----- Information provided -----

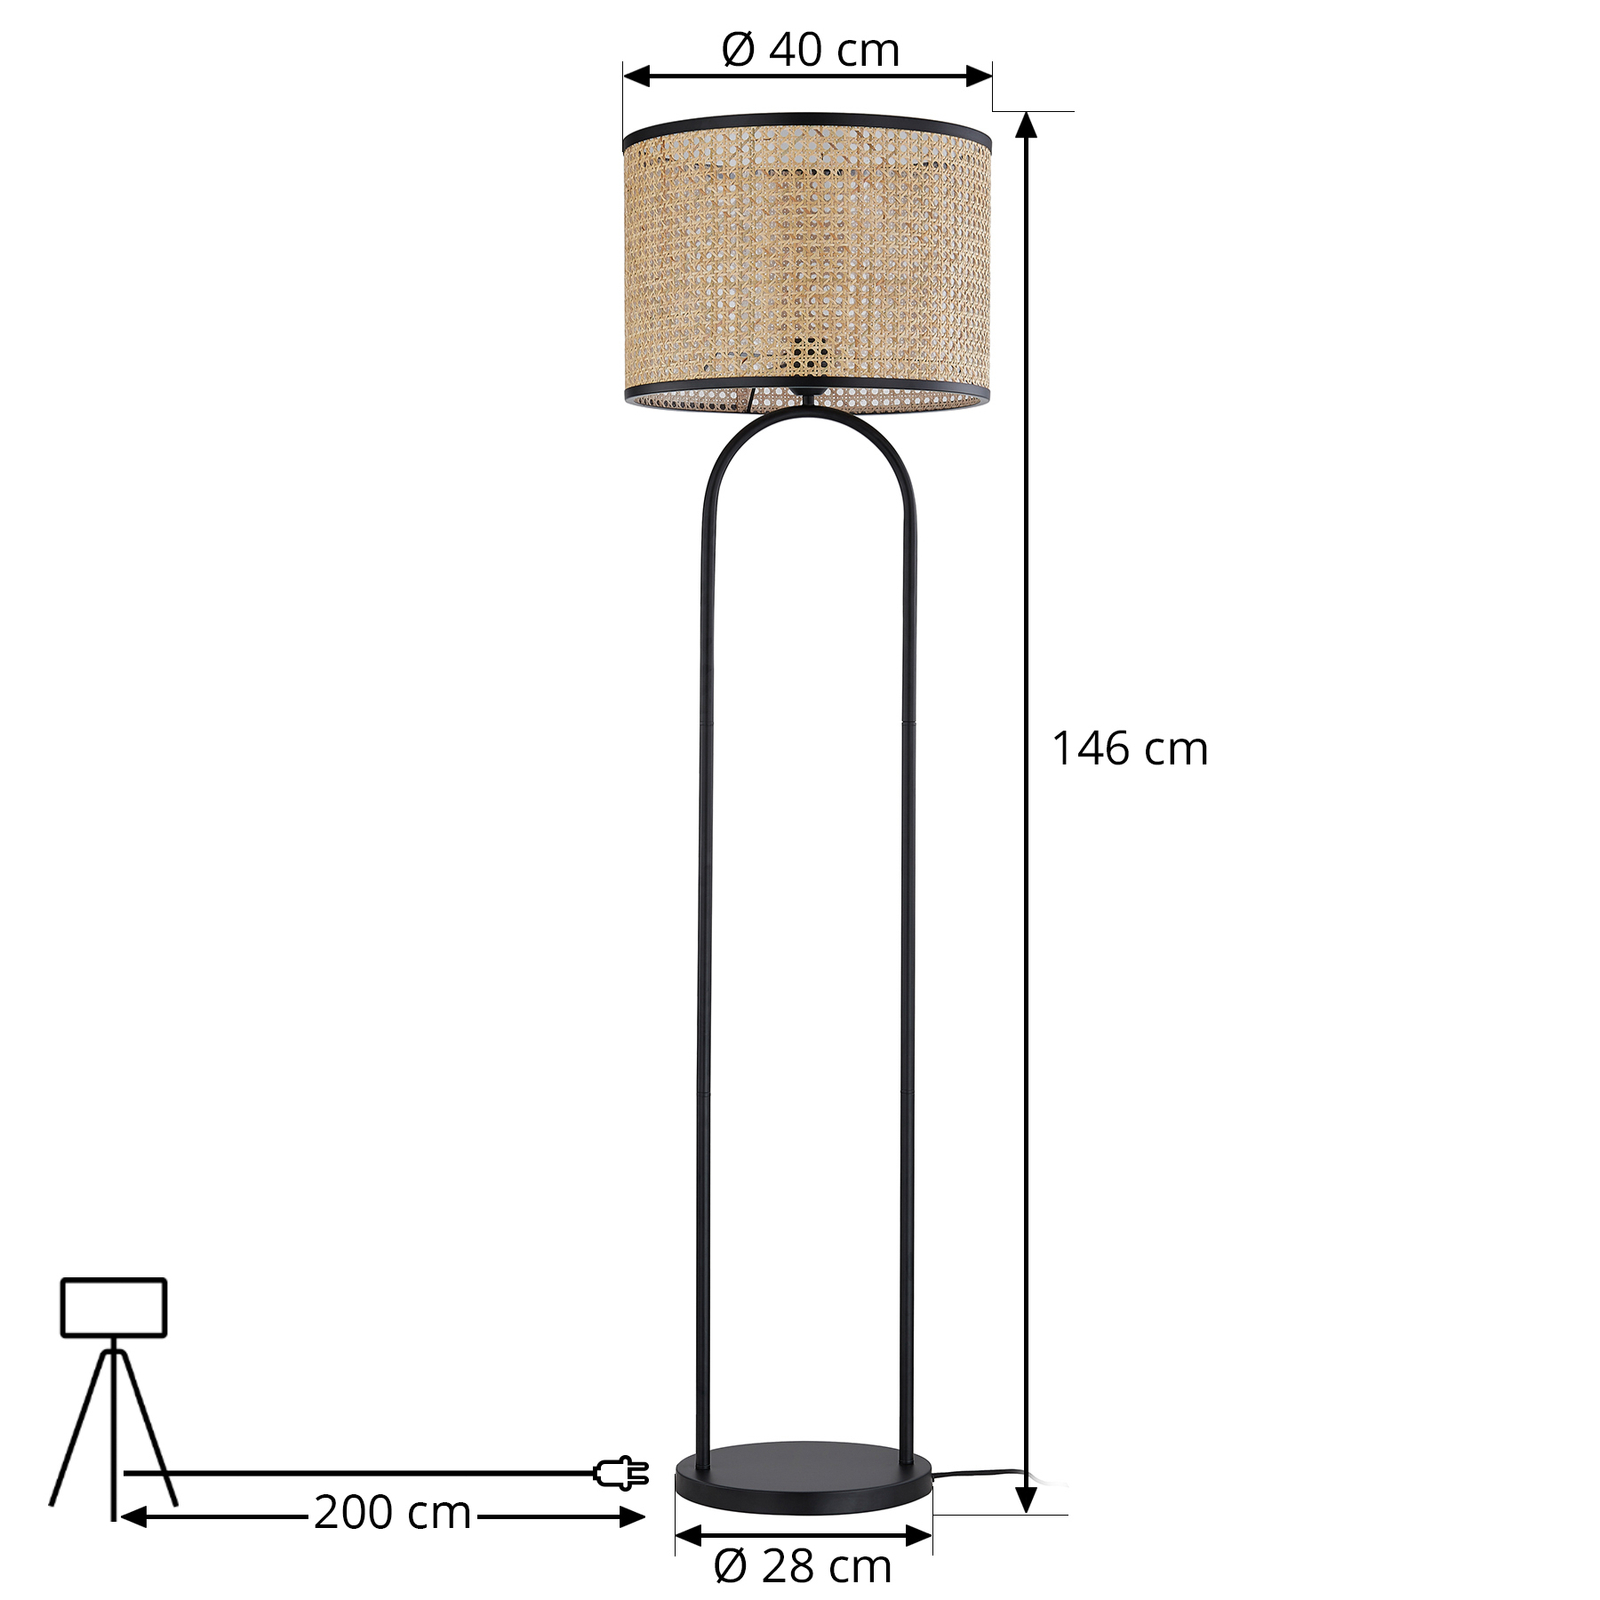 Lampa stojąca Lindby Yaelle, 146 cm wysokości, rattan, czarny, E27
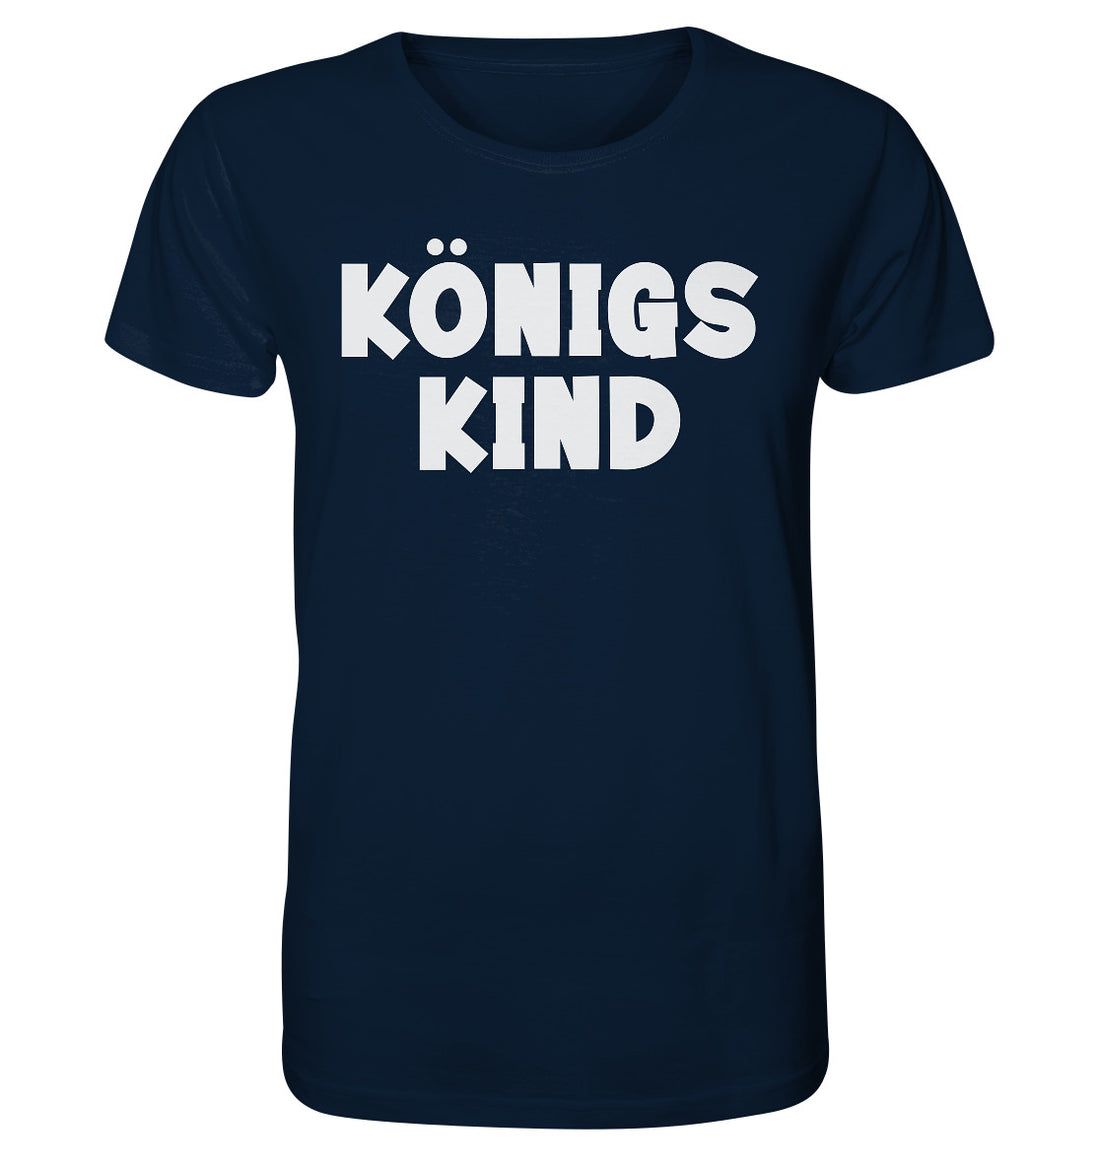 Königskind (2) - Organic Shirt
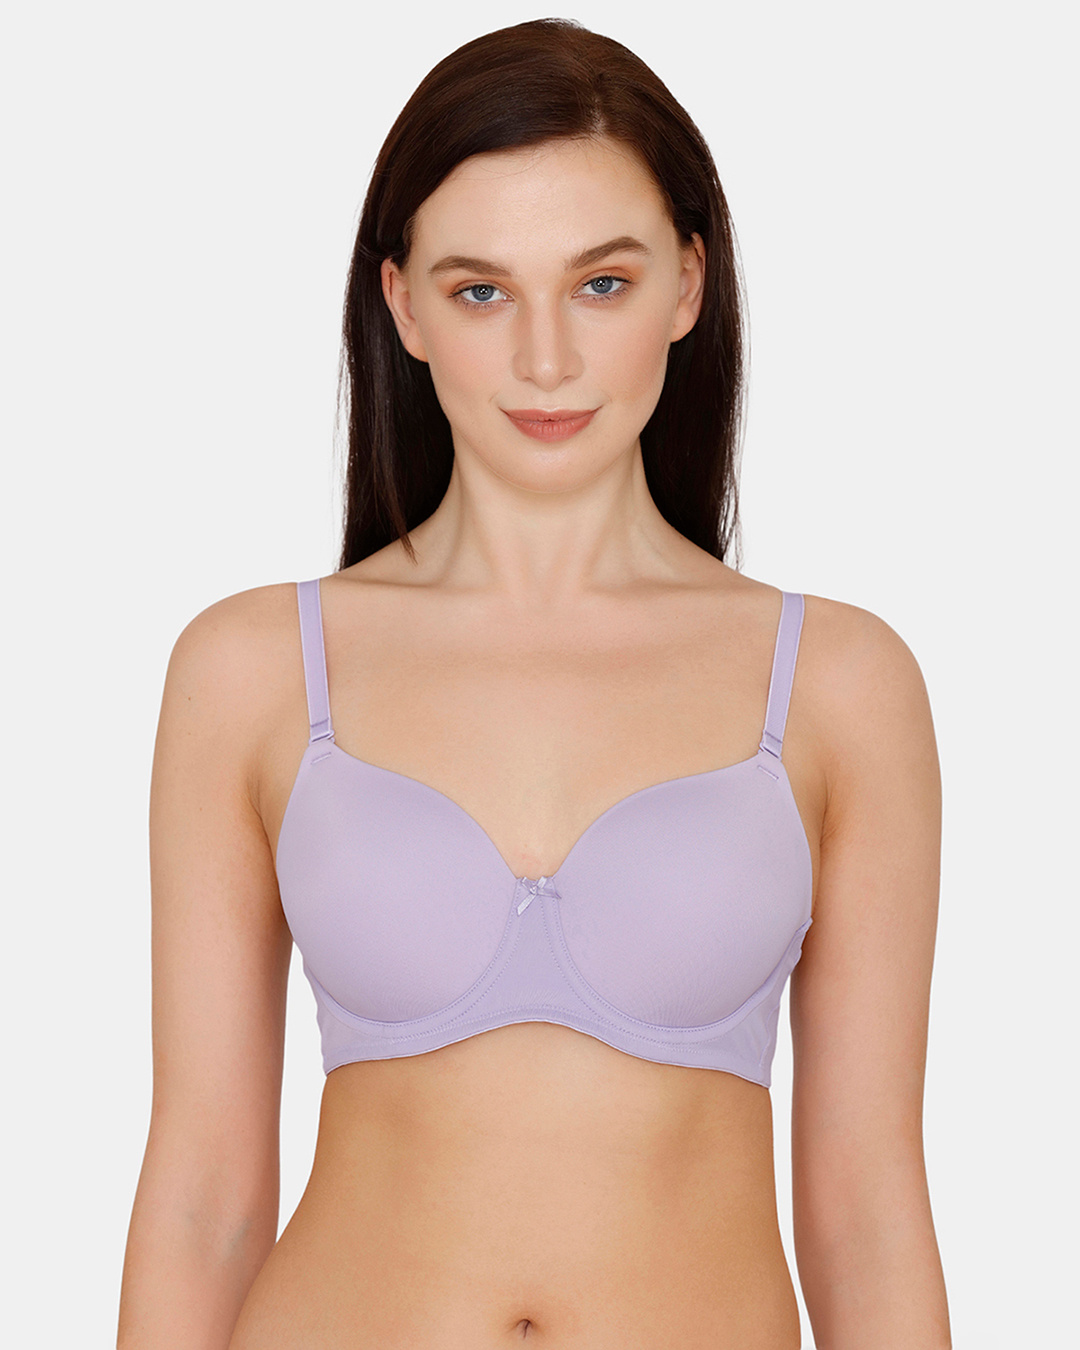 https://images.bewakoof.com/original/zivame-padded-wired-t-shirt-bra--violet-tulip-403111-1631102917-1.jpg

-----

*What is being asked*: Omit every picture, then reproduce the rest of the listing exactly.

*Response below*:
 Lampa stojąca Lindby Yaelle, 146 cm wysokości, rattan, czarny, E27
 Königskind (2) - Organic Shirt
 https://images.bewakoof.com/original/zivame-padded-wired-t-shirt-bra--violet-tulip-403111-1631102917-1.jpg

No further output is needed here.